Getting Close to IEDs

Improvised explosive devices are one of the biggest threats to coalition forces in Iraq and Afghansitan. A research programme is underway to try to understand the nature of this threat, inside and out. By Albrecht Mueller.


Improvised explosive devices (IED) have become a significant threat, in particular to international forces in Iraq and Afghanistan (the majority of casualties among coalition forces operating in Afghanistan are caused by IEDs). The homemade bombs come in countless shapes, sizes and techniques, using all kinds of explosives.

In order to prevent further attacks the member states of the European Defence Agency (EDA) will jointly buy a deployable field laboratory for the forensic research of road-side bomb explosions to enable forensic analysis of IED incidents. The system will be put out to tender, bought off the shelf and is planned to be operational by mid-2011. Afterwards it will be tested in a real operational environment by France, the project's lead nation.

Understanding the IED scenario

"It is important to understand the chemical basis of IEDs and the scenarios of these particular threats in general," explains Dr Peter Kaul of the University of Applied Science at Bonn-Rhine-Sieg in Germany.

Since 2004 Kaul's institute at Rheinbach near Bonn has also been working in this area in cooperation with different scientific institutions of the German military.

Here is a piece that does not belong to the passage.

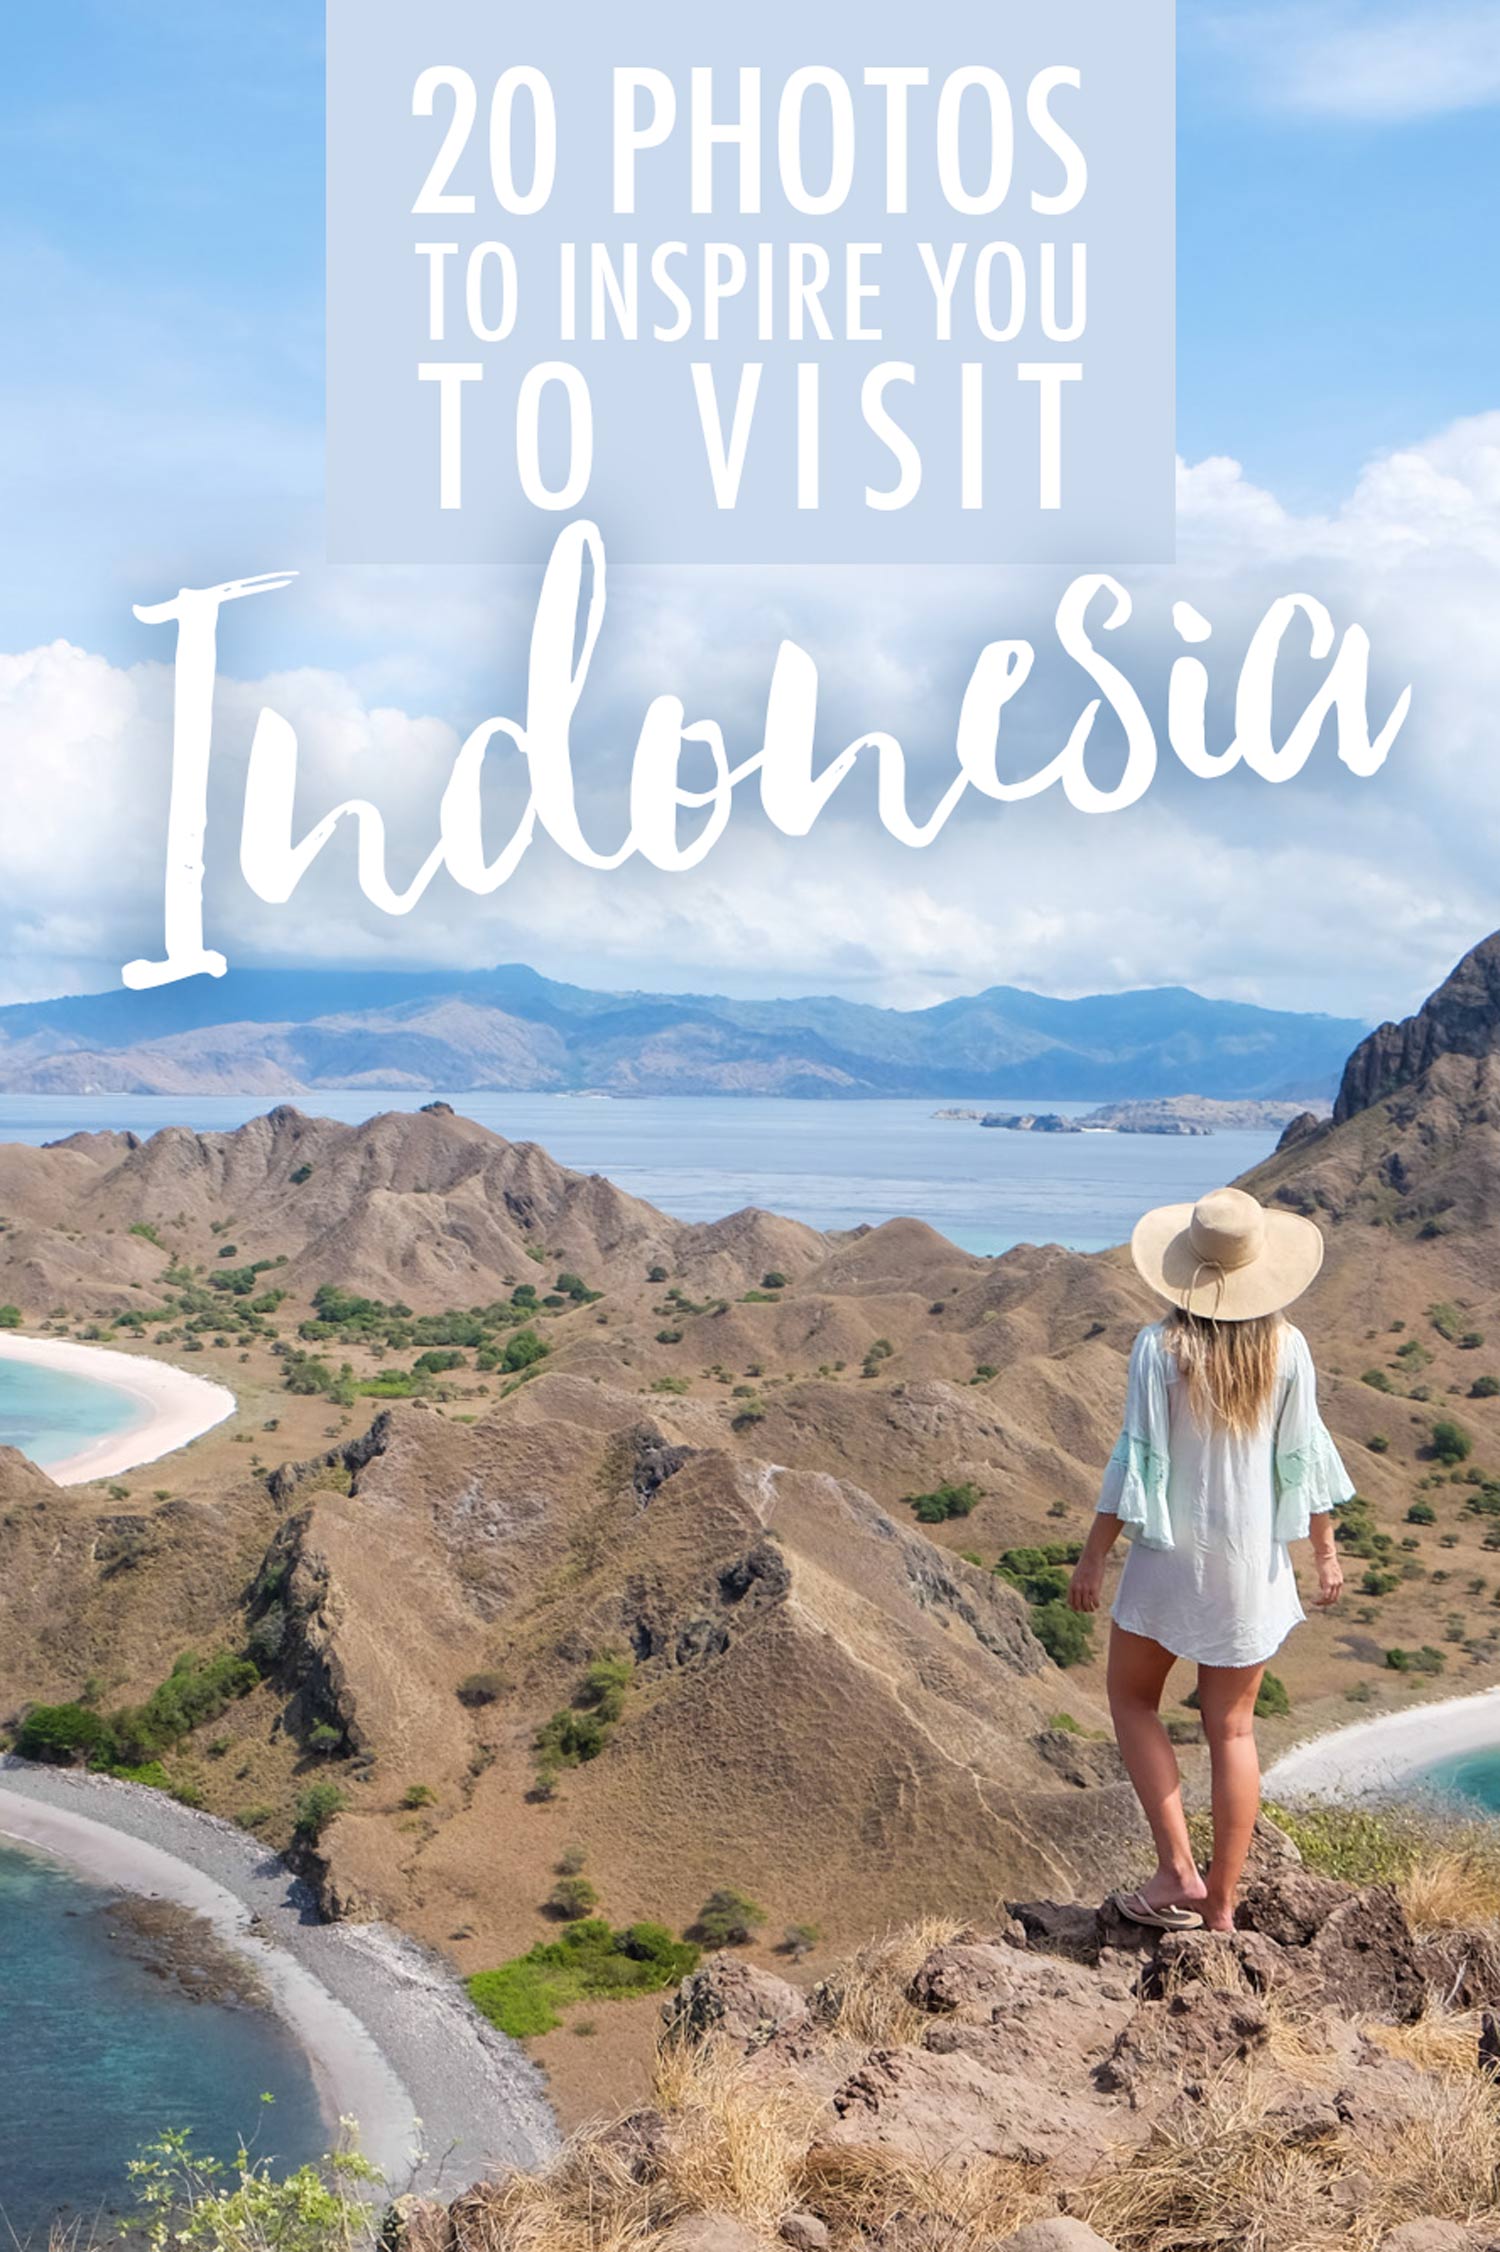 20 Photos to Inspire You to Visit Indonesia
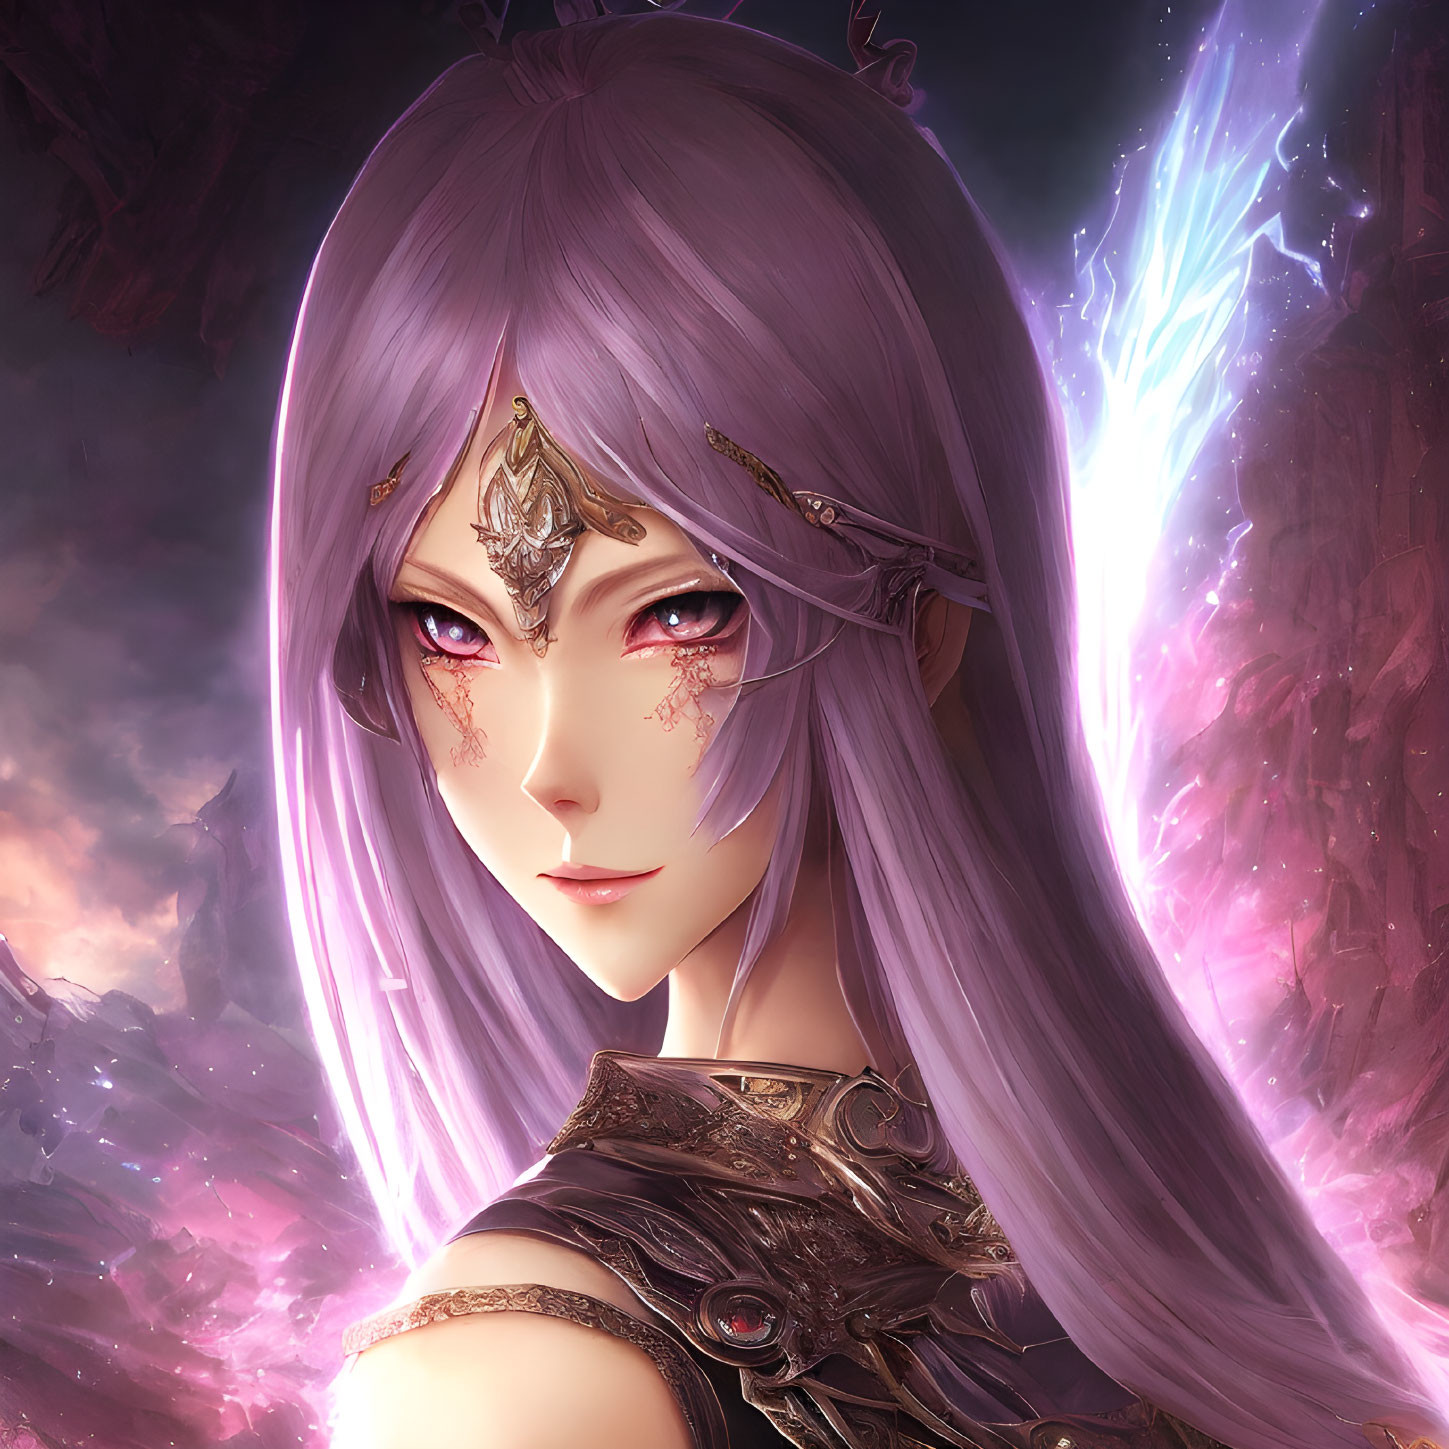 Fantasy female character with purple hair, ornate crown, and mystical energy.

Part of this research about IEDs and other homemade bombs deals with the specific chemical signature of each bomb's explosive materials.

"Part of this IED research deals with the specific chemical signature of each bomb's explosive materials."

"One could say that we are looking for the chemical fingerprints of the different explosives," said Kaul. "We must also get to know how large the individual traces of these substances have to be, so that we will still be able to detect them."

The everyday use of detection methods on this basis would also depend on the knowledge of where, when, circumstances and in what quantity the typical chemical signatures appear and what their volatilisation time and spreading would be.

"We must also be able to differ between old and new traces as well as between real IED signatures and accidental contaminations," Kaul said.

Under SISA, one of the university's projects, methods will be developed for the quick identification of explosive materials and strategies for the detection of typical signatures of IEDs. Its aim is to define the spreading and behaviour of chemical signatures that originate from such devices. This information can then be used as a basis for new detection methods and strategies.

Improved testing of detection system

Such knowledge will help the military evaluate the military use of new detector systems better and more quickly. SISA is to develop a mobile method to detect explosives apart of their individual consistence.

This could be done with the help of verifying their exothermic reaction, analysing the reaction products or by determining their reaction time.

A method to investigate possible IEDs and other suspicious objects more quickly, which is being worked on in Rheinbach, is based on a miniaturised laser.

The project named Laser Techniques for the Detection of IEDs (LIED) tries to develop systems for mobile platforms that can penetrate unknown objects and analyse their content for explosives and other materials with the help of generated gas components.

Laser drilling and analysing system

The focus of the researchers lies on a laser-based intelligent drill technique to prevent accidental explosion of the materials, in particular, primary explosives. Such a system also needs means to analyse the gas components generated by the laser drilling.

"Under SISA, methods will be developed for the quick identification of explosive materials."

"The final goal is a laser drilling and analysing system, could also include the capability to detect CBRN agents and be placed on a remote-controlled platform", Kaul explained.

Even those projects will not be able to detect every IED or roadside bomb because one of the main advantages of IEDs is their flexibility in matters of shape or explosive materials. But a system for all scenarios simply does not exist according to the professor who says that momentarily only some explosives can be detected at the same time.

"Instead we have to find out which system is the best under which conditions, for example, materials, environment or time."

Laser protection against RPG and mortars

Even if all IEDs and roadside bombs could be detected in operational areas such as Afghanistan, the threat of attacks with other relatively simple-to-handle weapons like shoulder-launched rockets or mortars would still exist. This is where laser technique might help in the future.

The EDA started the €4.2m Air Defence High Energy Laser Weapon (AD-HELW) research programme to counter RAM-targets (small targets such as mortar grenades or artillery rockets). The goal is to derive a conceptual layout for a laser weapon, which considers the interception of RAM-attacks in an urban environment.

Experimental and simulated testing

The EDA started the €4.2m AD-HELW research programme to counter RAM-targets.

Until the end of 2011 the feasibility of such an effecter will be evaluated by experimental investigations, which is supposed to deliver the data on atmospheric influences on high energy laser beam propagation, on achievable target tracking accuracy and on the laser beam impact on such targets.

The efficiency of the laser weapon will also be analysed by system simulations, using the results of these experiments.

According to the EDA existent missile or cannon air defence systems would be well suited for the engagement of large targets such as aircrafts, but not for defence against RAM-targets. Opposite to this, high energy laser weapons would possess a short reaction time, high accuracy, a strong impact on the target, and the costs per shot would be low and cause no collateral damage.